Мы с Равельштейном до одурения обсуждали балканскую заваруху, в которую я ввязался по собственной воле. Впрочем, продолжая излагать факты в таком духе, я совсем исключил из повествования саму Велу. Нет, надо избавиться от нее раз и навсегда. Это не так просто, как может показаться. Она была красавица, великолепно одевалась и ярко красилась – ее грим запоминался надолго. По телефону она чирикала как Папагена. Ее наряды казались безвкусными лишь Равельштейну. Он считал ее королевой всего наносного и поверхностного. Пользуясь политической терминологией, можно сказать, что на любых выборах она победила бы с подавляющим большинством голосов.
Равельштейн был иного мнения.
– Если копнуть глубже, весь этот великолепный фасад развалится. Слишком у нее все распланировано и срежиссированно. – А потом он добавил: – Хотя она правильно поступила, избавившись от тебя.
– Почему?
– Потому что рано или поздно ты бы ее придушил. – Равельштейн произнес это не мрачно, наоборот, его радовала мысль об убийстве. Такой поступок делал мне честь. – Вела тебя околдовала, приворожила, так что в один прекрасный момент ты бы наверняка задумался об убийстве. Но почему она подала на развод в столь тяжелое время, когда ты только что похоронил двух братьев, мне непонятно.
Равельштейн часто говорил:
– Вот люблю я, как ты травишь анекдоты, Чик. Но тебе нужен достойный предмет. Если бы ты после моей смерти написал мою биографию…
– А с чего ты взял, что первым в ящик сыграешь именно ты?
– Ой, давай оставим эту чушь собачью. Ты отлично знаешь, что я скоро умру…
Конечно, я это знал. В самом деле.
– У тебя получились бы неплохие мемуары. Это не простая просьба, – добавил он. – Считай, это моя последняя воля. Только пиши в своей расслабленной манере, как будто только что плотно поужинал, пропустил пару бокалов вина, сидишь в кресле и мелешь всякую чепуху. Обожаю слушать твой треп про Эдмунда Уилсона, Джона Берримана и Уиттакера Чемберса – как тот взял тебя на работу в «Тайм» и еще до обеда уволил. В непринужденной обстановке ты здорово излагаешь, просто класс.

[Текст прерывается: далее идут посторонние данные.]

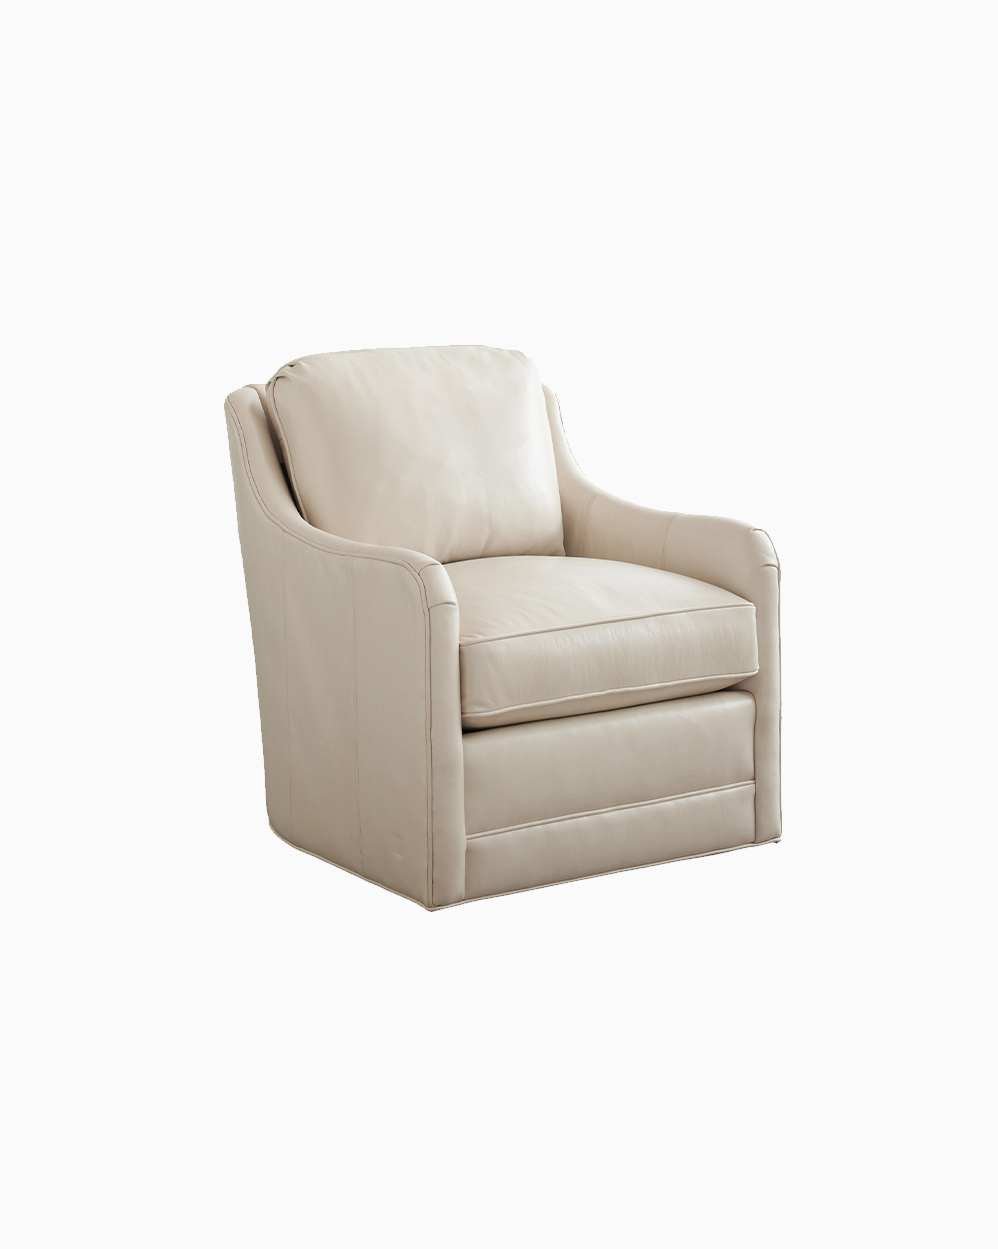 Glenhaven Leather Swivel Chair

Разумеется, я не мог ему отказать. Он совершенно точно не хотел, чтобы я писал о его идеях. Он прекрасно изложил их сам, читатель может ознакомиться с ними в его книгах. Я же должен описать личность, но сделать это без упоминаний собственной персоны я не могу, поэтому придется вам терпеть мое присутствие на полях.
Смерть была уже близко и посылала впереди себя привычных гонцов, напоминая мне, что, готовясь к кончине друга, я не должен забывать о собственном возрасте: все-таки я был на несколько лет старше Равельштейна. У человека моих лет минимум треть мыслей должна быть о смерти. Но я совсем недавно женился на Розамунде, Равельштейновой студентке. А сам Равельштейн был как нельзя более парадоксальным персонажем, и дружба с ним, помимо прочего, заставила меня забыть о странности моего положения – что я в семьдесят с гаком лет женился на молодой женщине. «Это кажется странным только со стороны, – говорил Равельштейн. – Она в тебя влюбилась, и уже ничто не могло ее остановить».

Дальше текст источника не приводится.